=== Task data ===
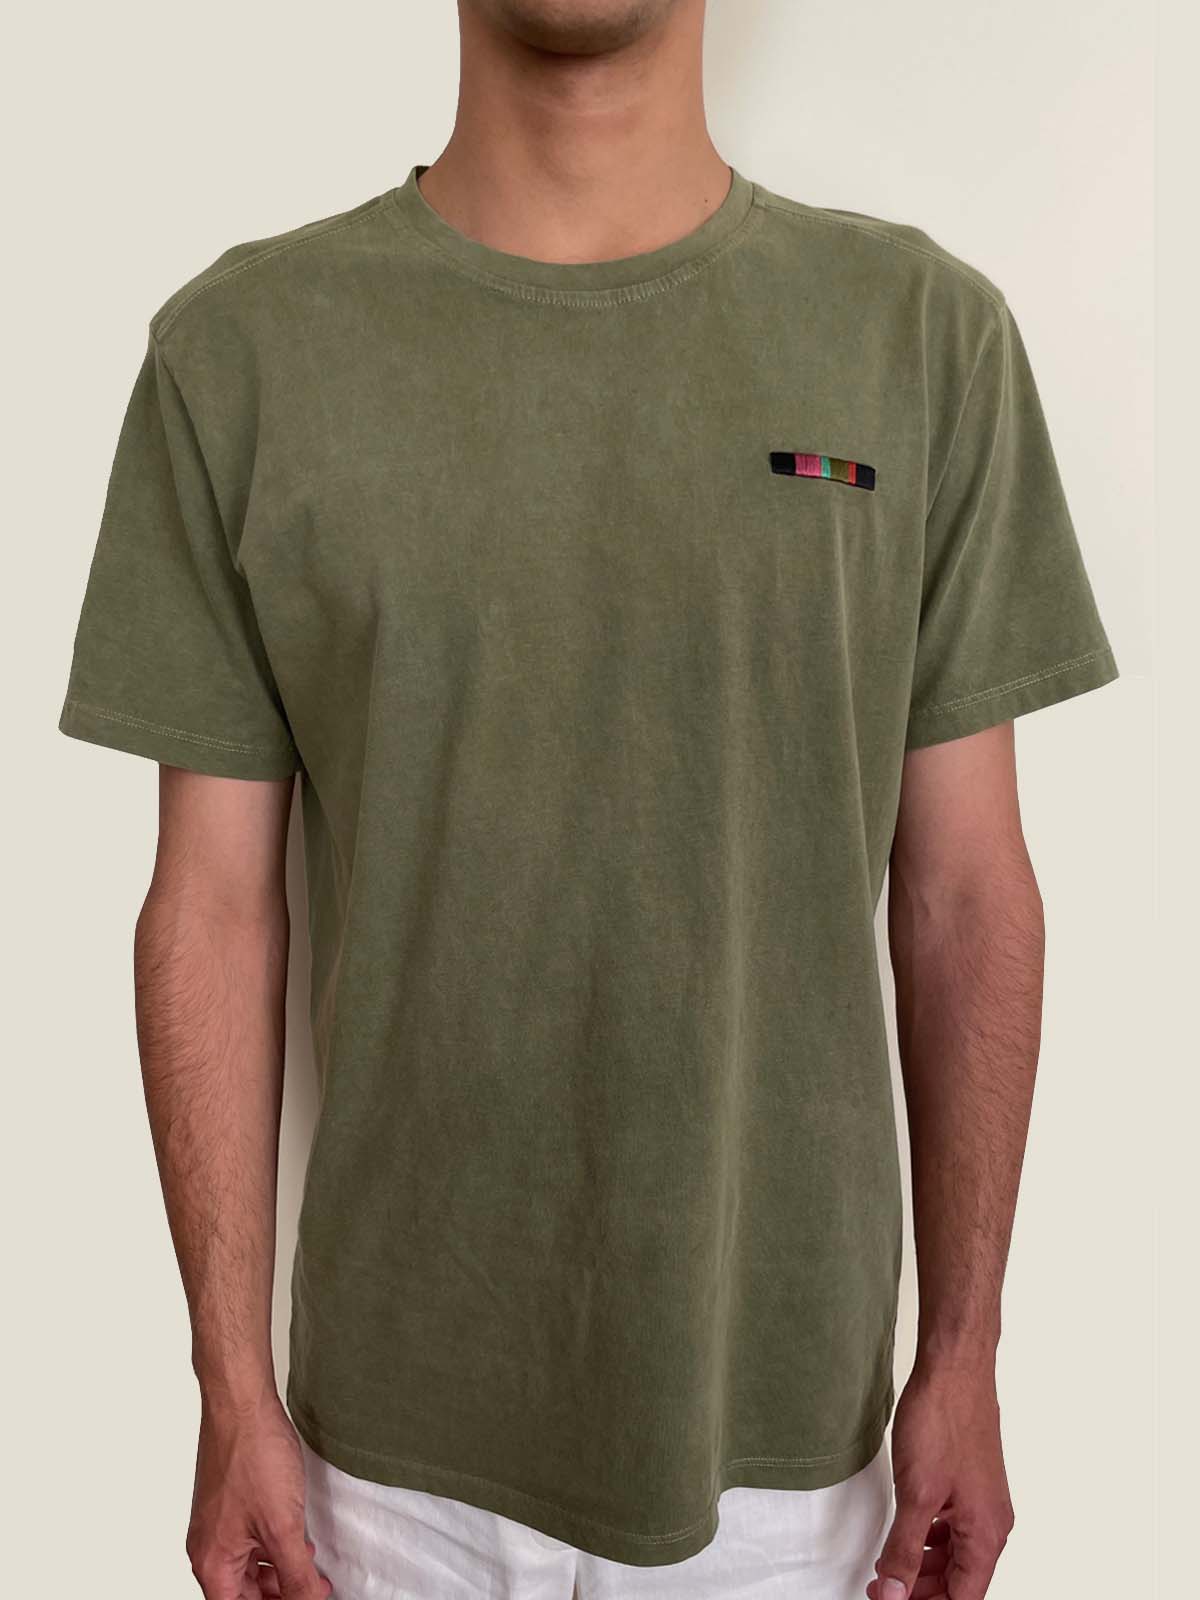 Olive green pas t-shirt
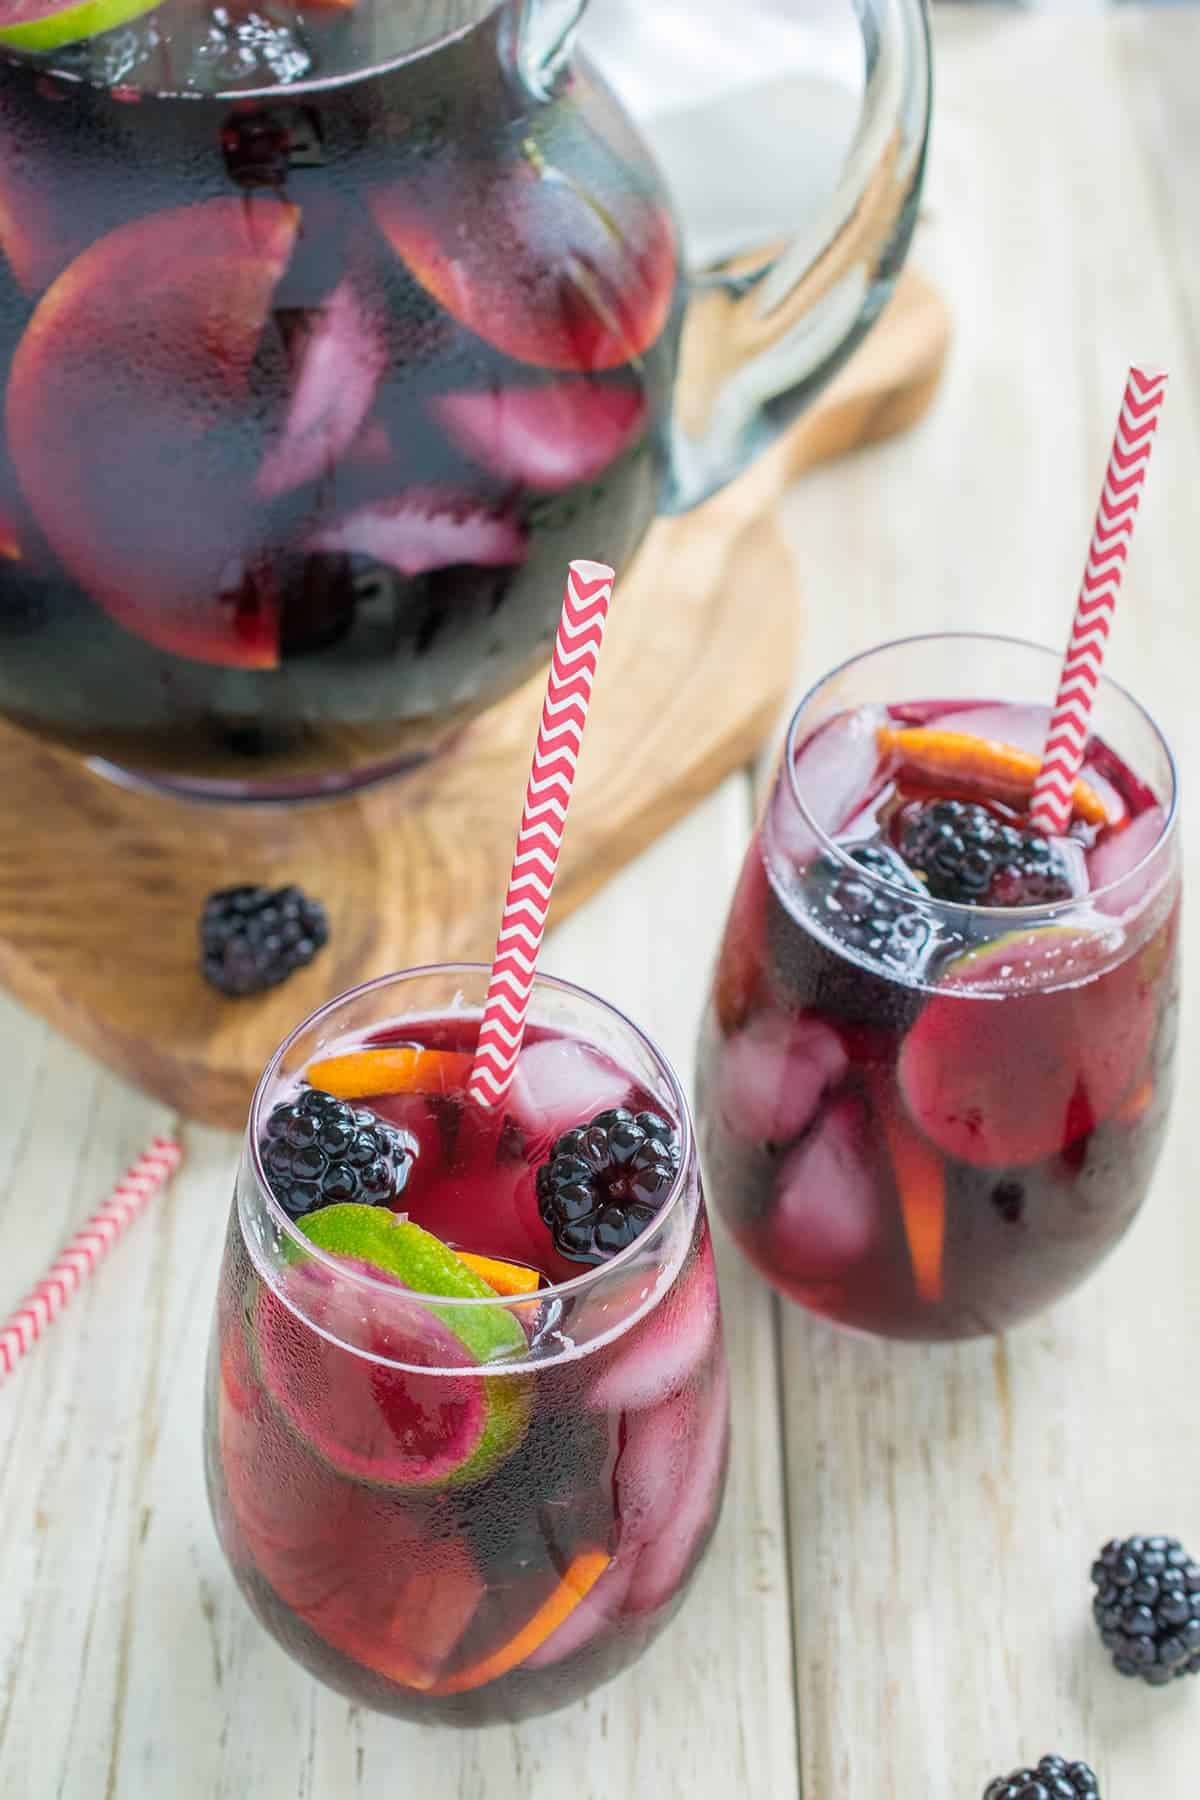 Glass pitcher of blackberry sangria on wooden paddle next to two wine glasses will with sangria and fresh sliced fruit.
--
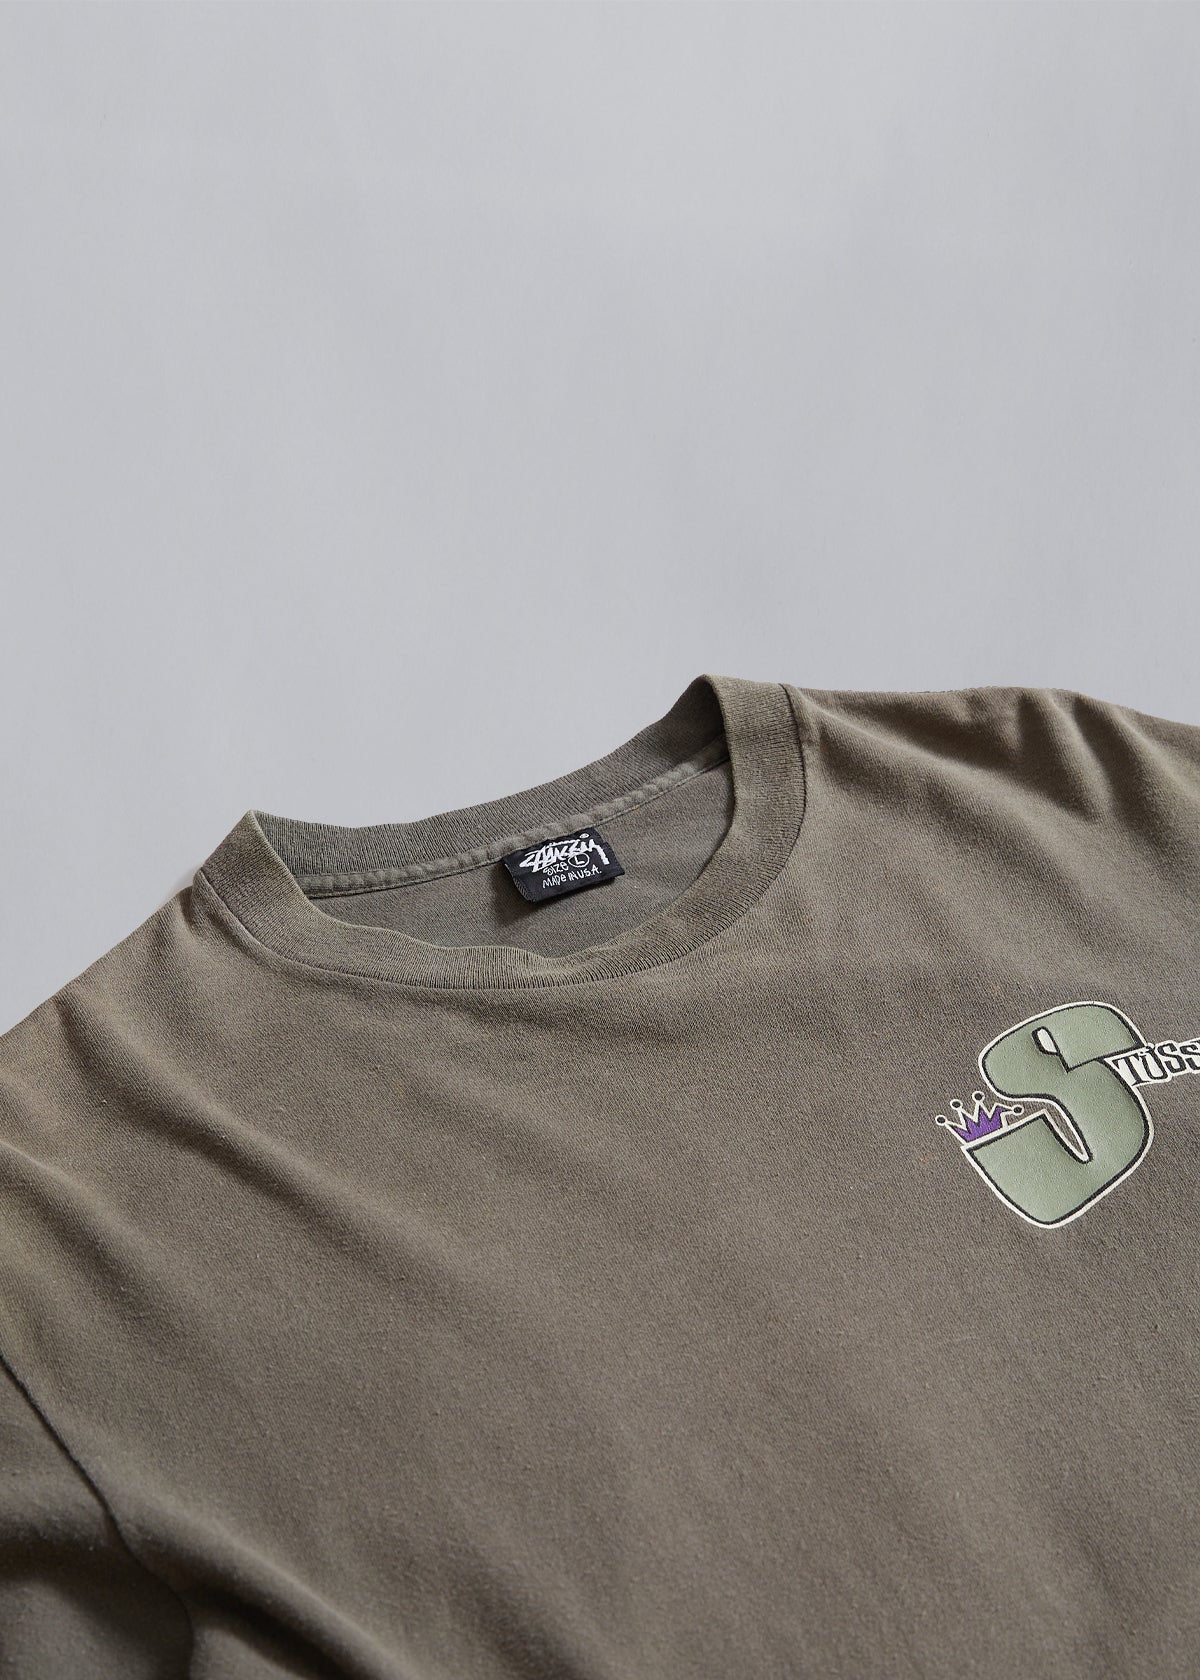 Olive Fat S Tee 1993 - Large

=== Assigned task ===
Range to copy from the listing above: the line with "Olive green pas t-shirt" through the line with "Glass pitcher of". Transcribe it exactly and skip the pictures.

=== Solution for this task ===
 Olive green pas t-shirt
 Glass pitcher of blackberry sangria on wooden paddle next to two wine glasses will with sangria and fresh sliced fruit.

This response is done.